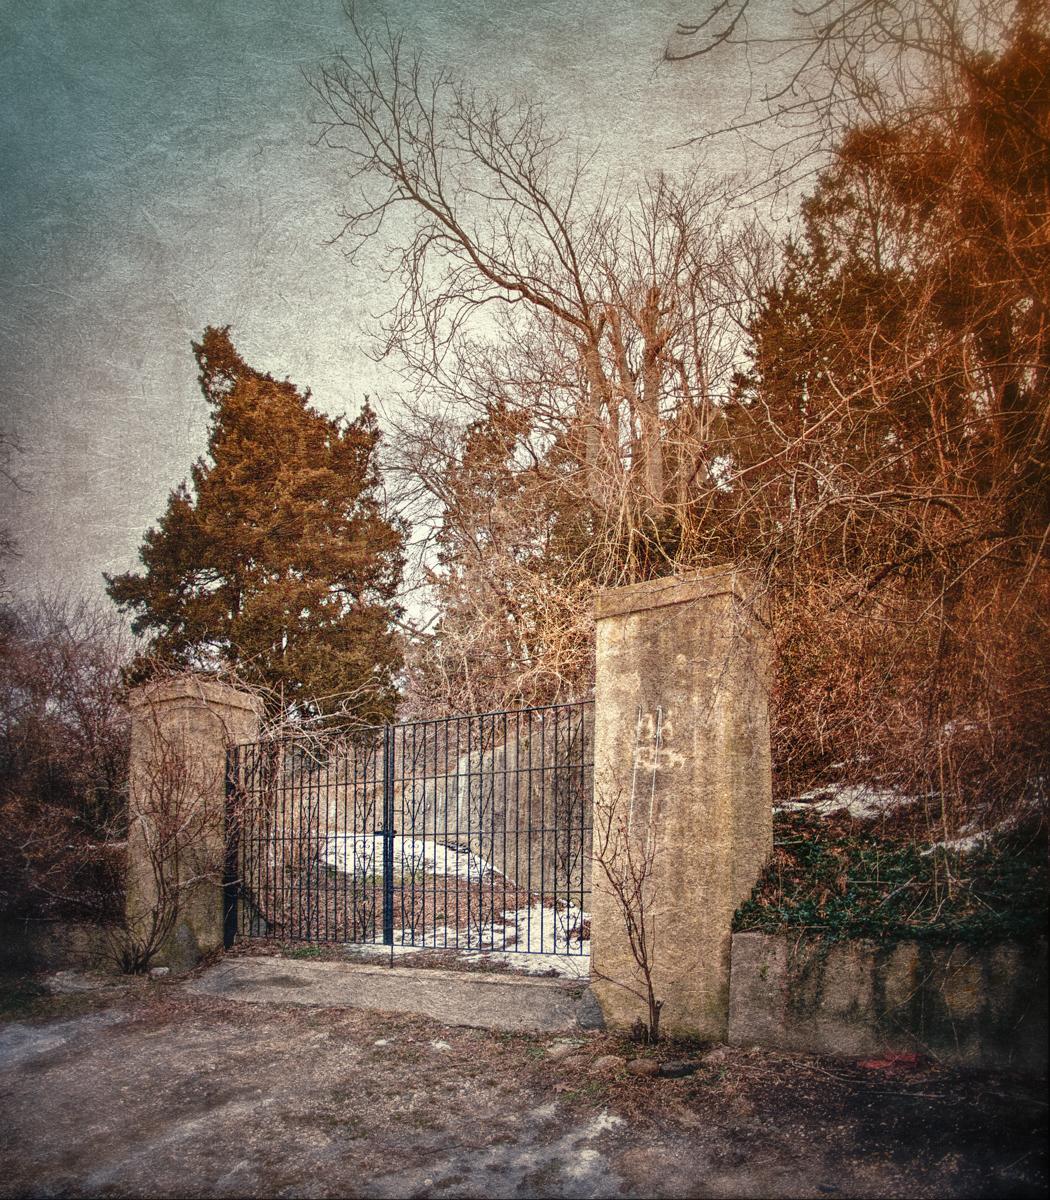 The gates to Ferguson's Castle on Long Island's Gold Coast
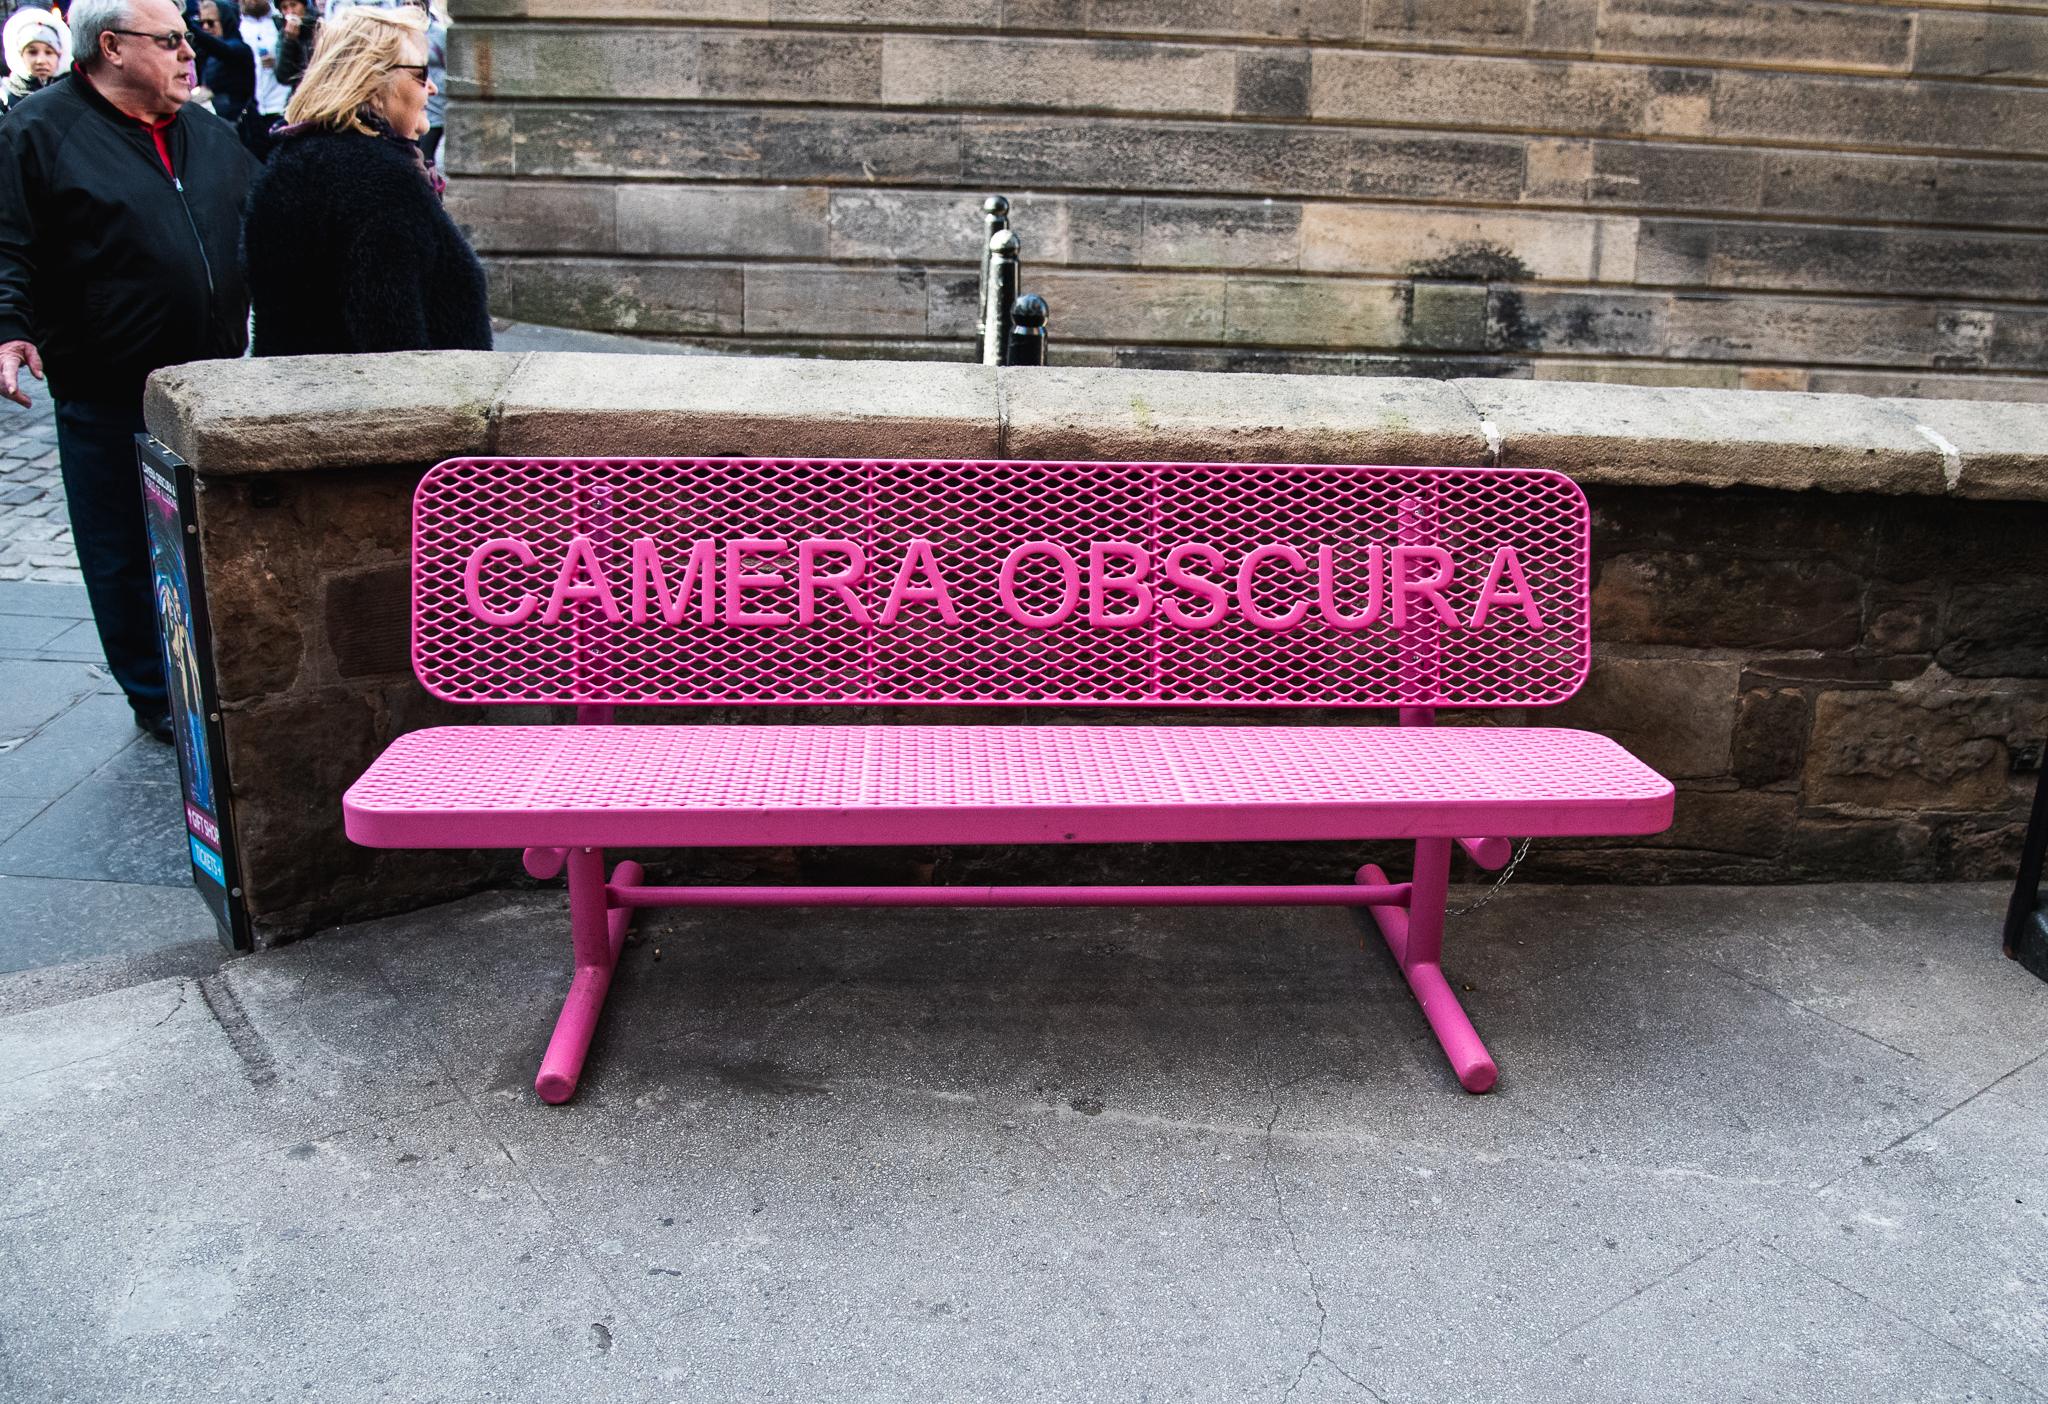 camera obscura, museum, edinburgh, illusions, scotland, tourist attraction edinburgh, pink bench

* * *

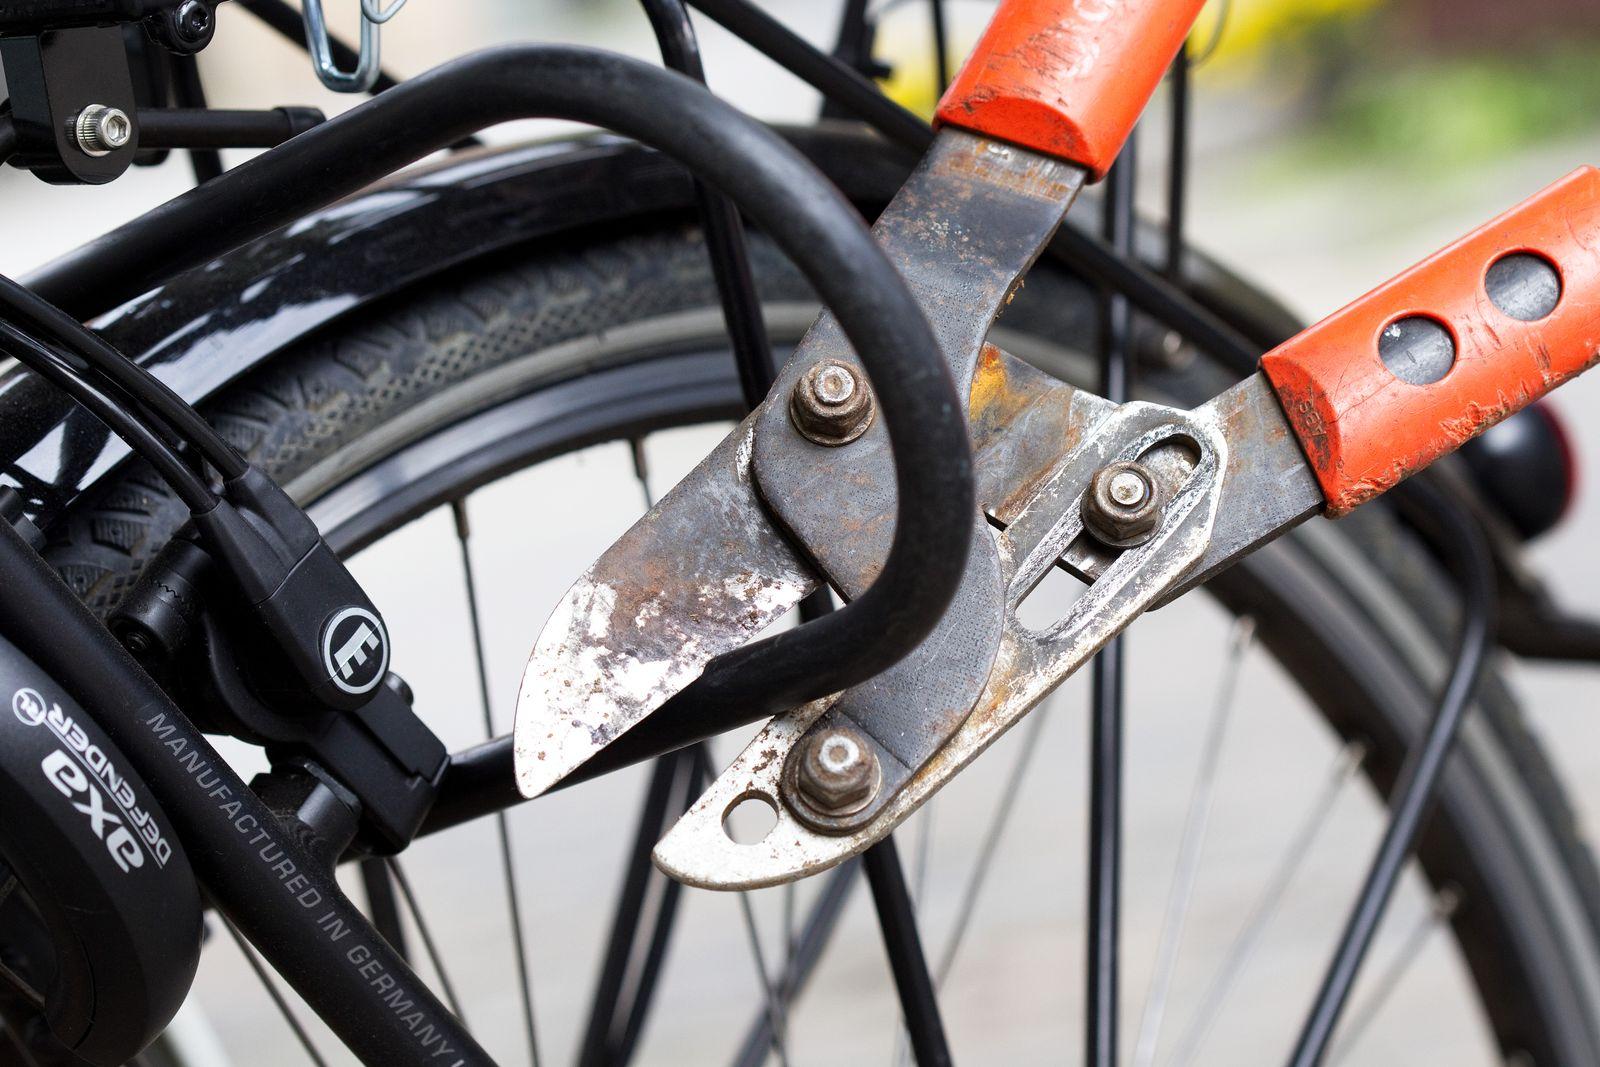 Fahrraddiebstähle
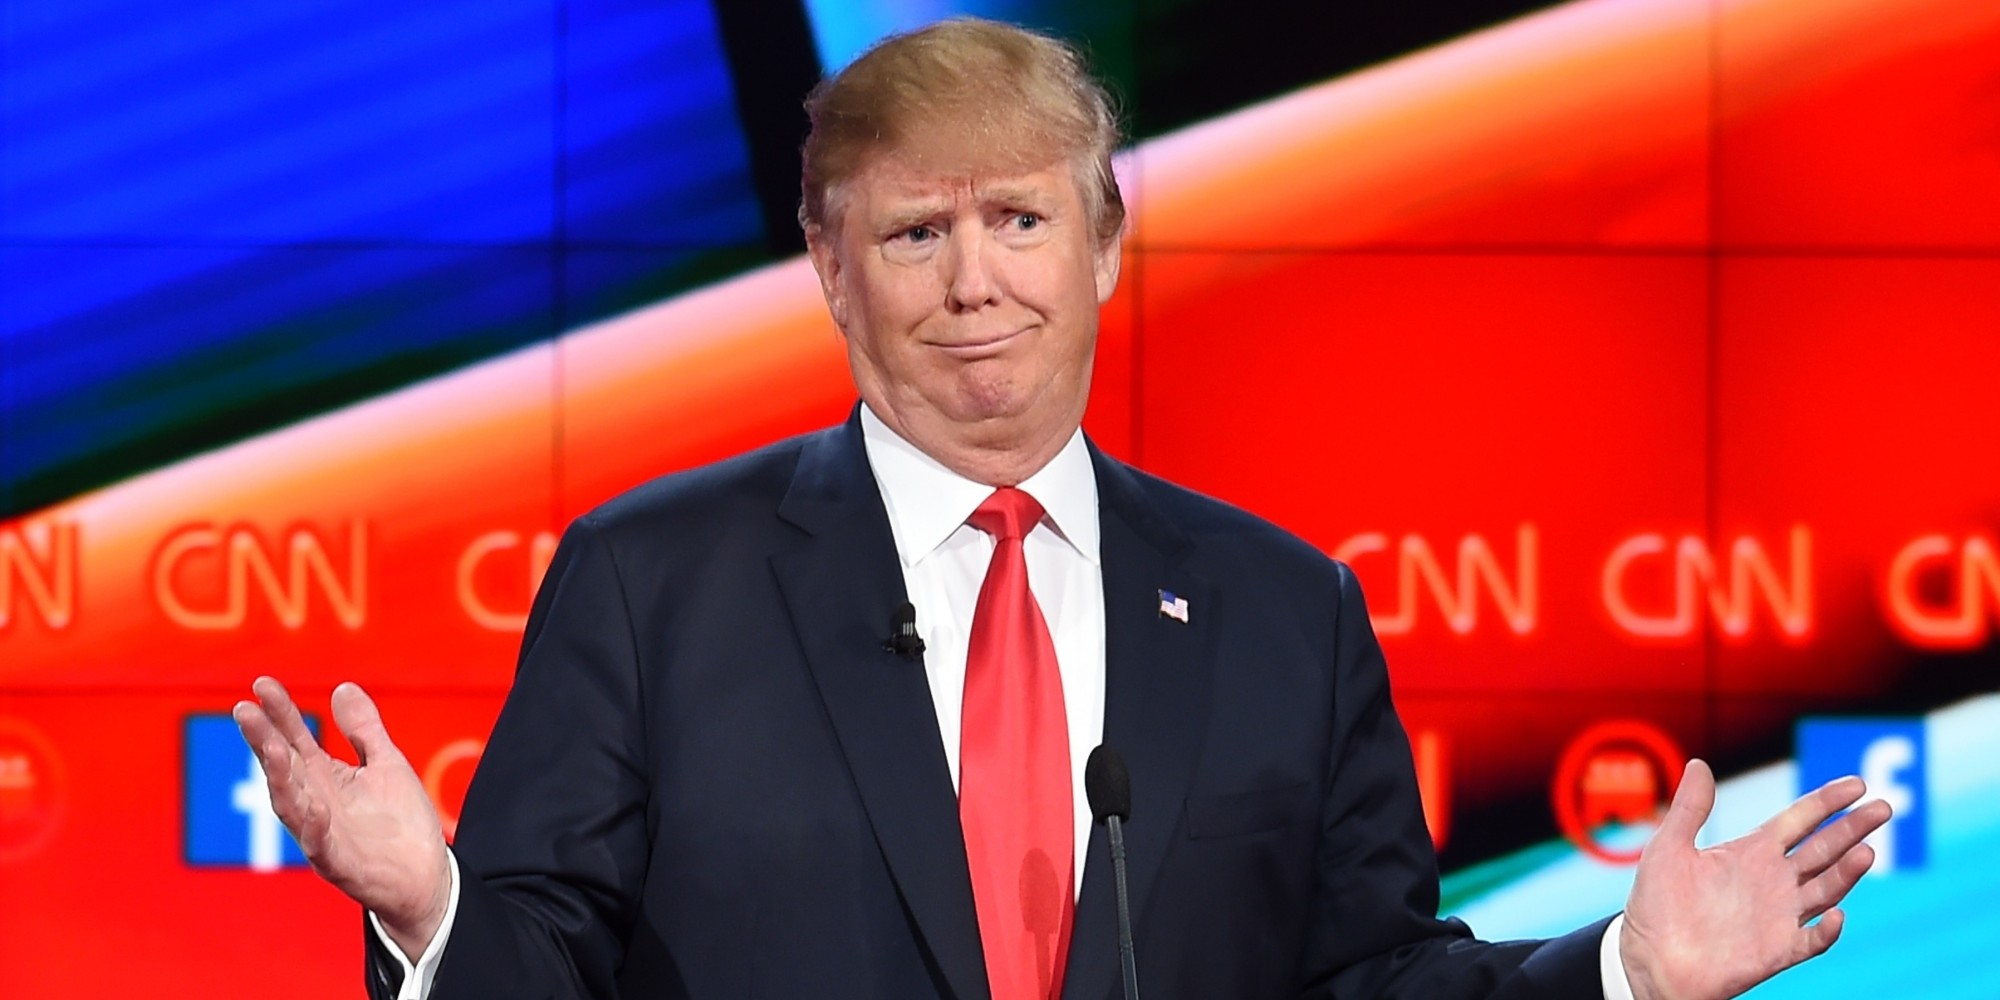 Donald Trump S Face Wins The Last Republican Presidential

- TASK GOAL:
In the data above, the stretch from the line with "The gates to" through the line with "camera obscura, museum, edinburgh, illusions, scotland, tourist" is to be returned exactly, minus any pictures.

- ANSWER TO THIS EXERCISE:
 The gates to Ferguson's Castle on Long Island's Gold Coast
 camera obscura, museum, edinburgh, illusions, scotland, tourist attraction edinburgh, pink bench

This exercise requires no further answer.